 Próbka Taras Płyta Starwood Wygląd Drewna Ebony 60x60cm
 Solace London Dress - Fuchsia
---
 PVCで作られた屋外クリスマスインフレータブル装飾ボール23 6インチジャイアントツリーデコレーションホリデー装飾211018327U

#### EXERCISE:
For this exercise, please output exactly the lines above starting at the line with "Próbka Taras Płyta" and ending at the line with "Solace London Dress - Fuchsia", ends included.

#### SOLVED PROBLEM:
 Próbka Taras Płyta Starwood Wygląd Drewna Ebony 60x60cm
 Solace London Dress - Fuchsia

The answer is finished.